> Collected material
*** Begin section ***

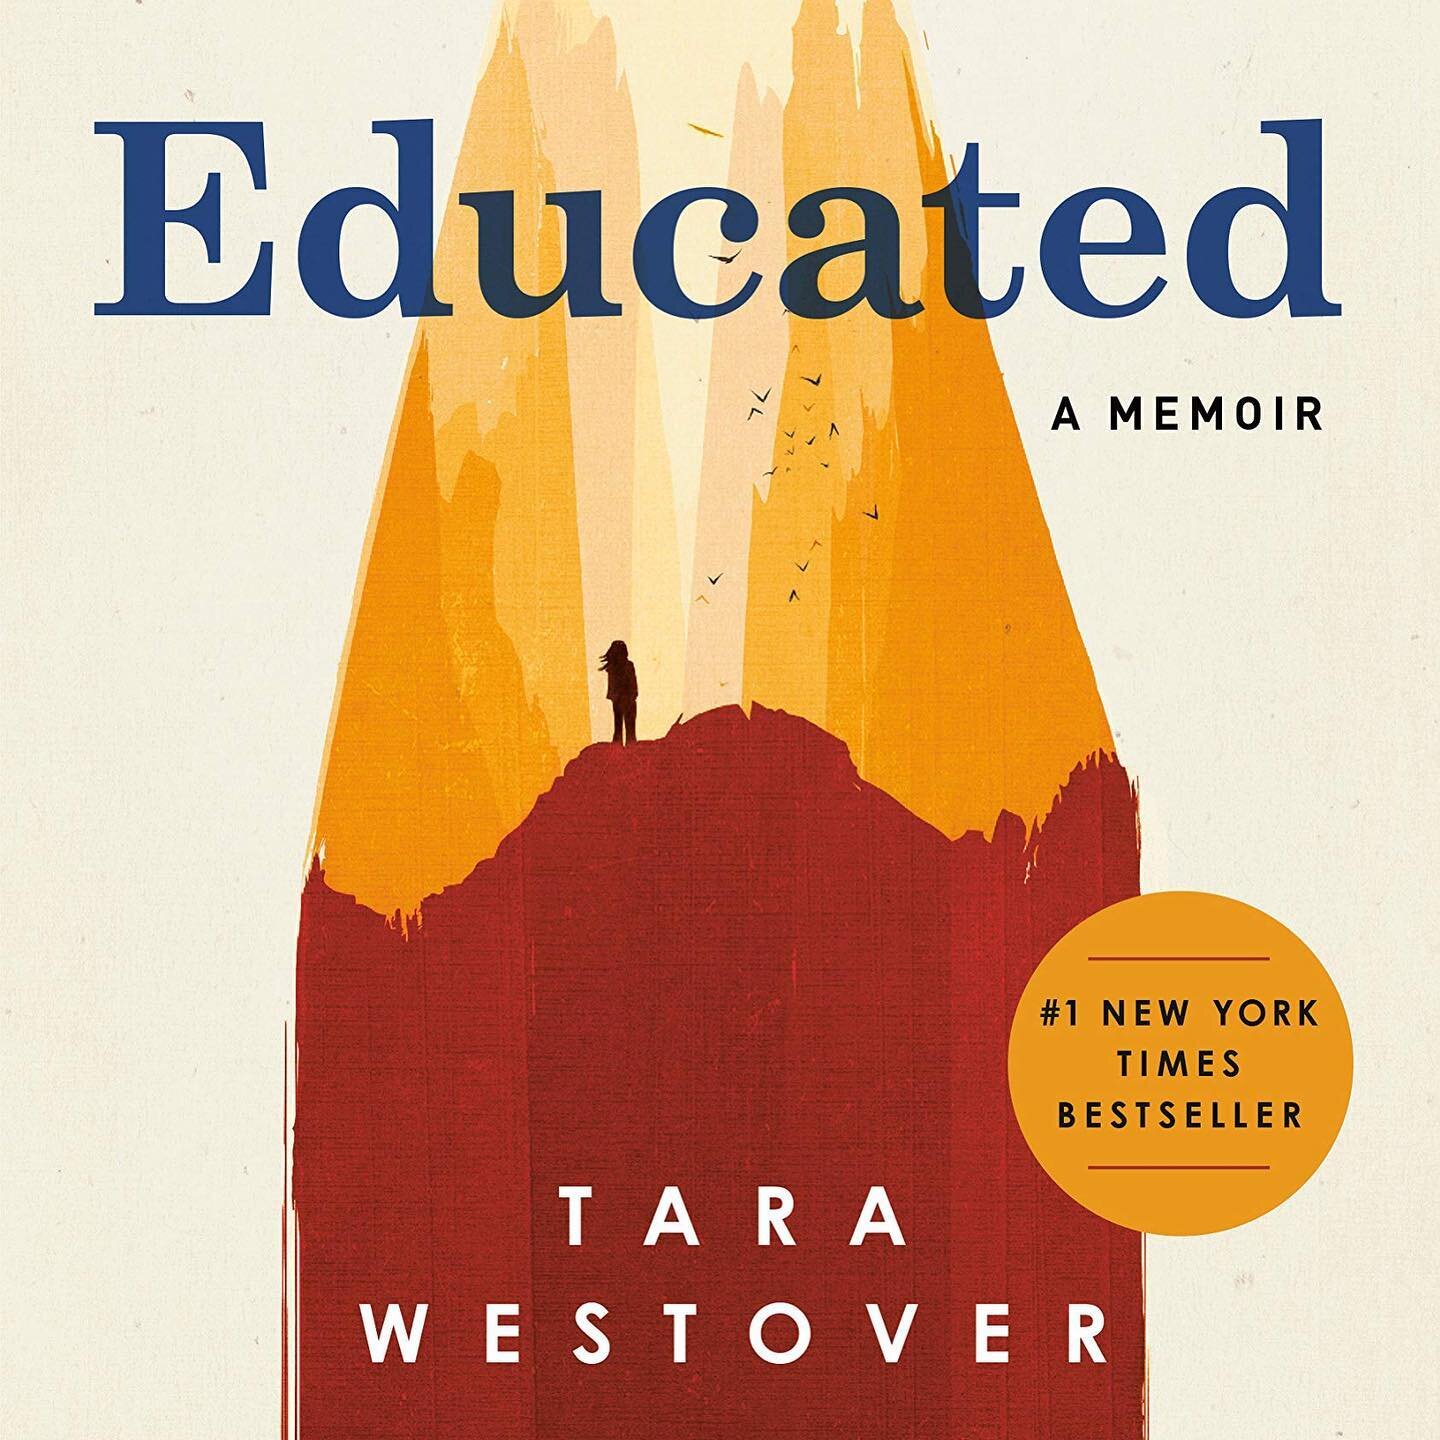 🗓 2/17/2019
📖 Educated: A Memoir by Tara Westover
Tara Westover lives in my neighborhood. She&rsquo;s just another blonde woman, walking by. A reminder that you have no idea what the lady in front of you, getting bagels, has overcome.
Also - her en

*** End section ***

> Directions for this task
Give back exactly the lines starting at the one with "Tara Westover lives" and running to the end of the listing. Include both ends.

> Task result
Tara Westover lives in my neighborhood. She&rsquo;s just another blonde woman, walking by. A reminder that you have no idea what the lady in front of you, getting bagels, has overcome.
Also - her en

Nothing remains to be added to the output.